--- Your instructions ---
Keep the images out while you set down the data exactly.

--- Provided data ---
────────────────────────────────────────
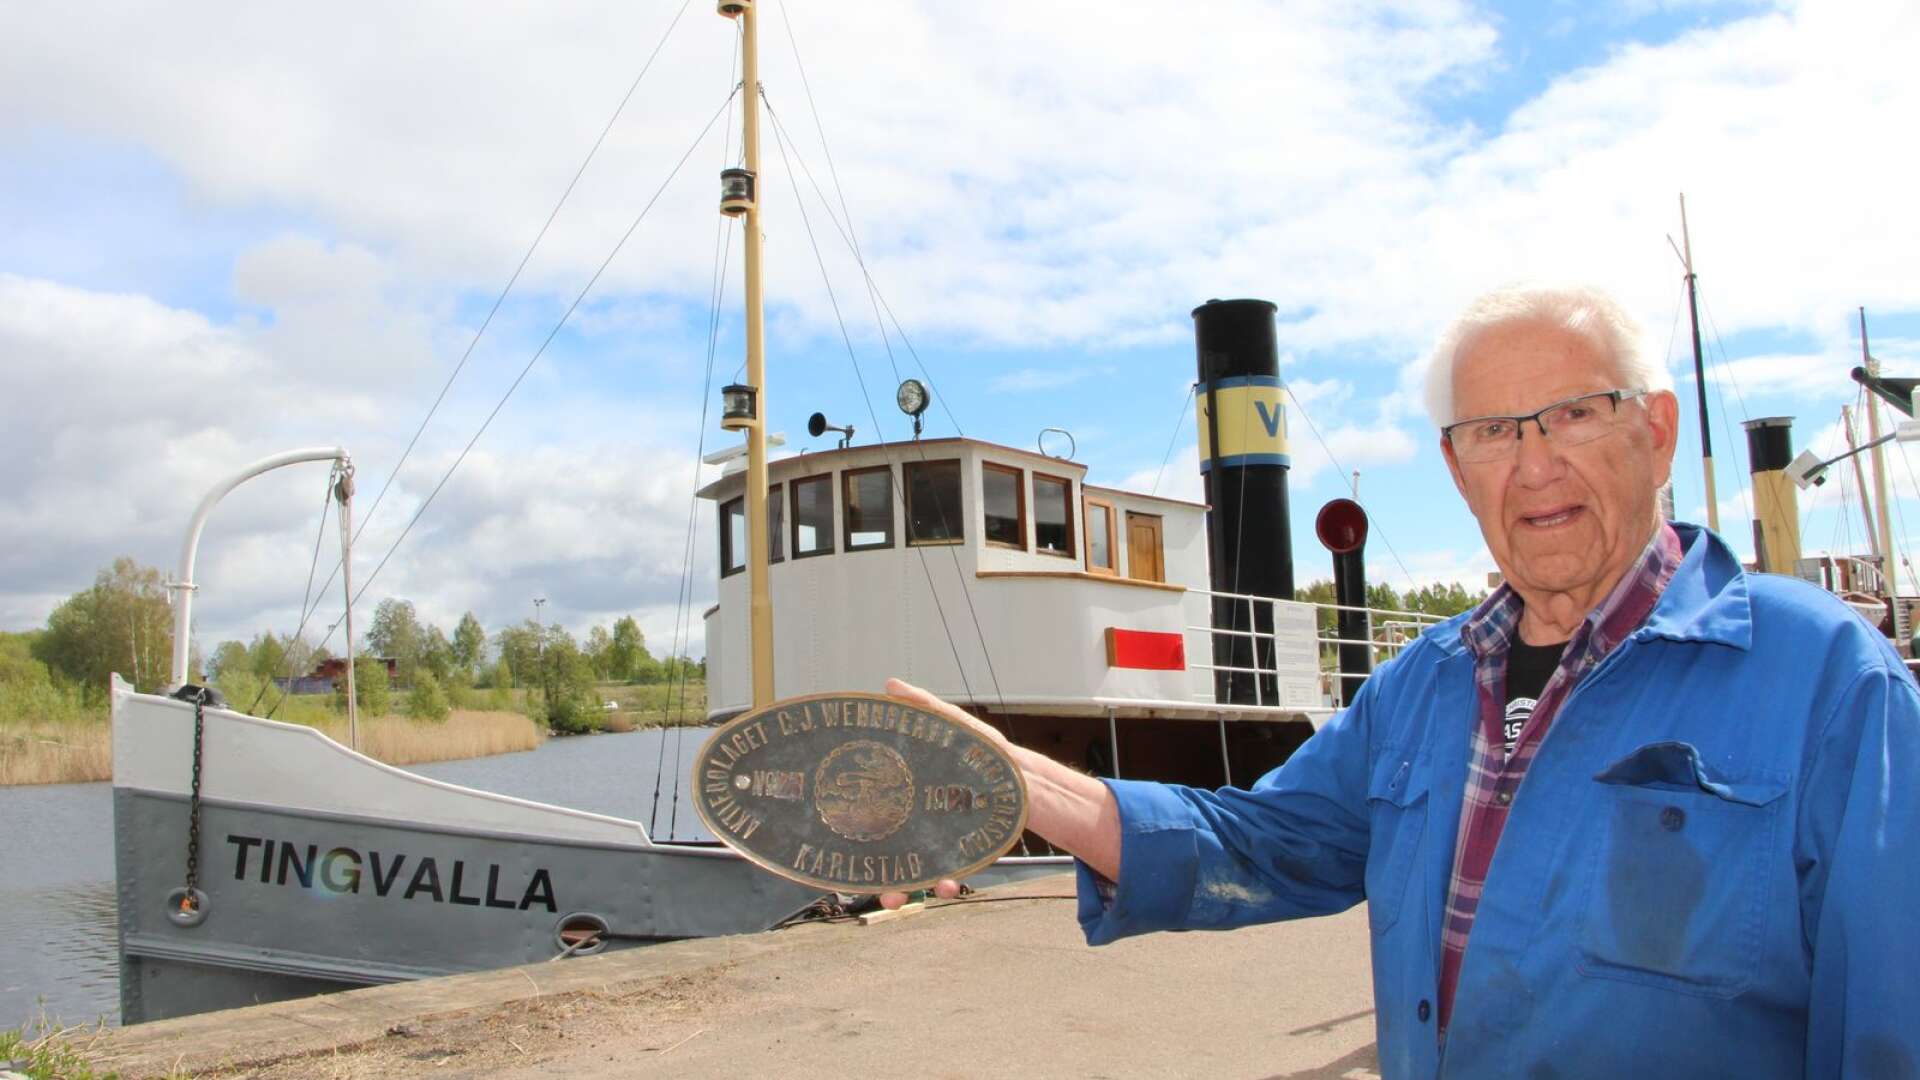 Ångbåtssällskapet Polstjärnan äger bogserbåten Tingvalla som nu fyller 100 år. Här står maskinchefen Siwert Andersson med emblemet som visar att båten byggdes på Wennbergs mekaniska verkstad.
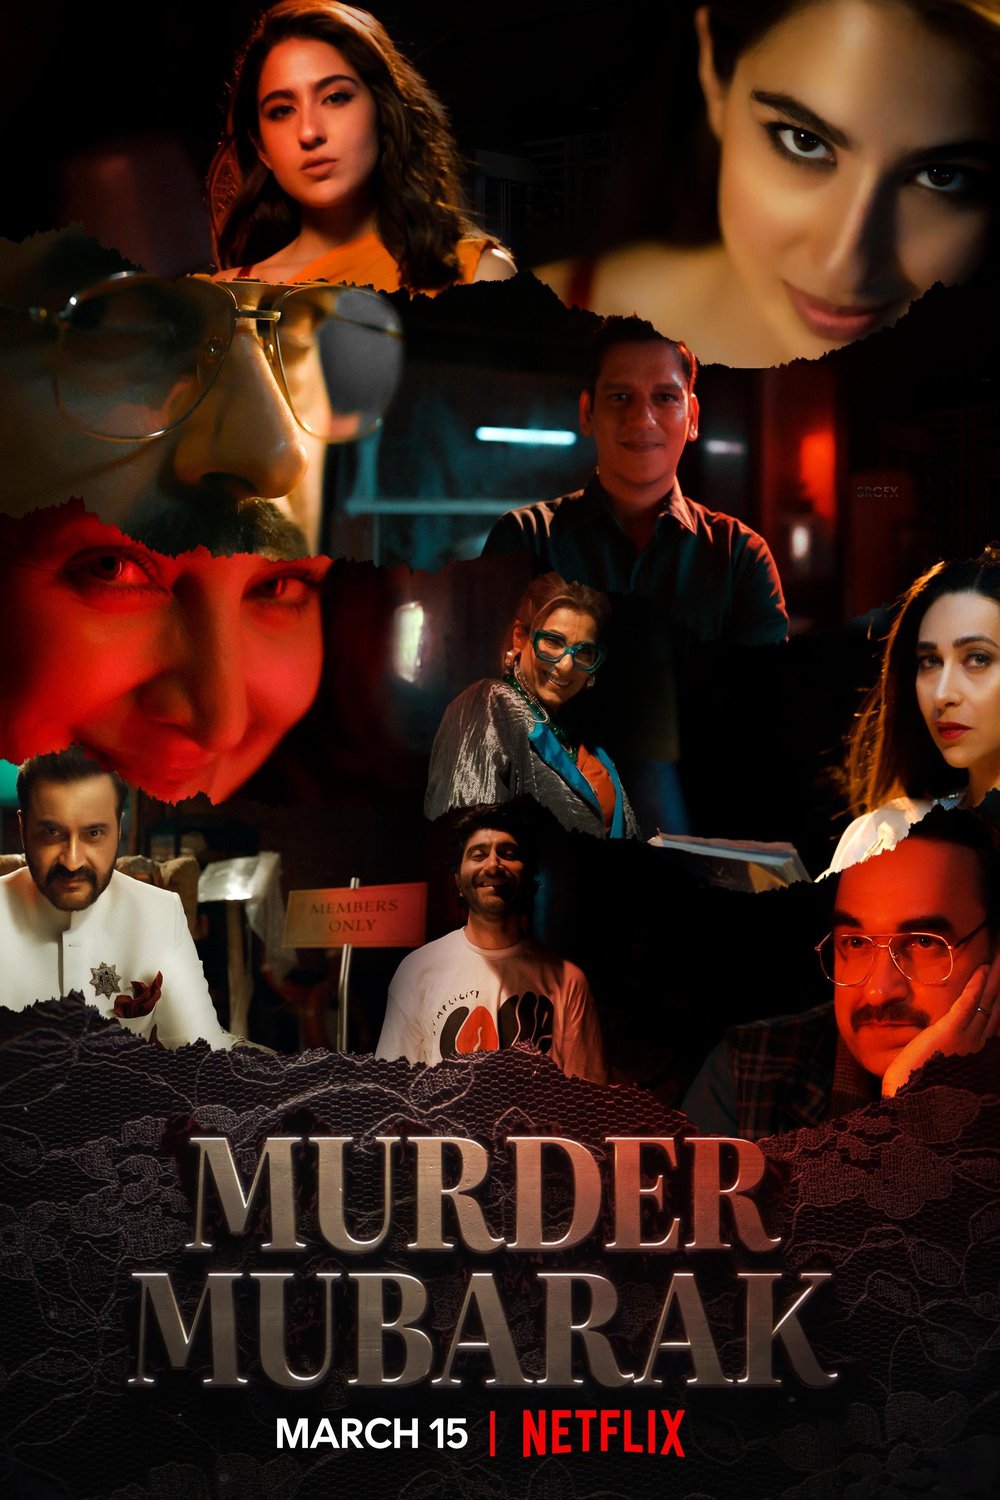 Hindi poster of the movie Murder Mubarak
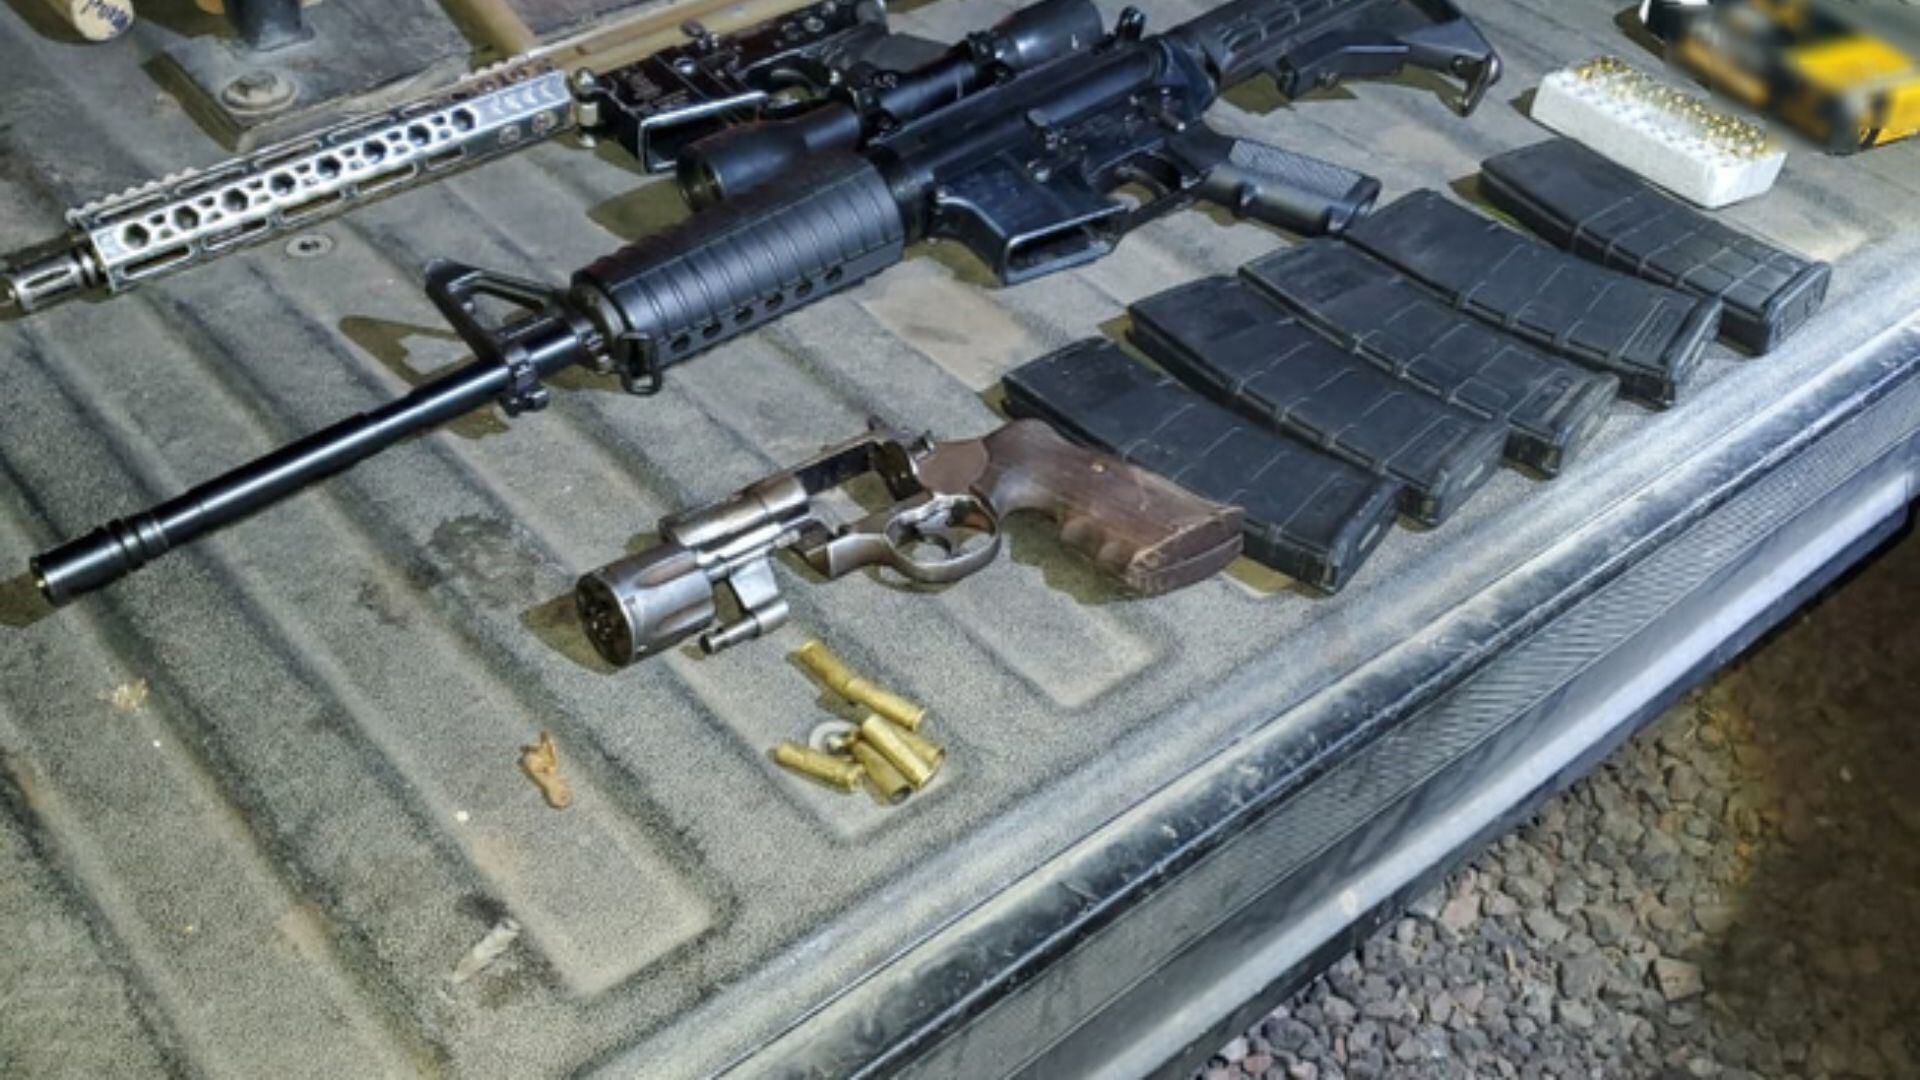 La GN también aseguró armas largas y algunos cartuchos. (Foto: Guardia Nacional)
────────────────────────────────────────
--- Expected answer ---
 Ångbåtssällskapet Polstjärnan äger bogserbåten Tingvalla som nu fyller 100 år. Här står maskinchefen Siwert Andersson med emblemet som visar att båten byggdes på Wennbergs mekaniska verkstad.
 Hindi poster of the movie Murder Mubarak
 La GN también aseguró armas largas y algunos cartuchos. (Foto: Guardia Nacional)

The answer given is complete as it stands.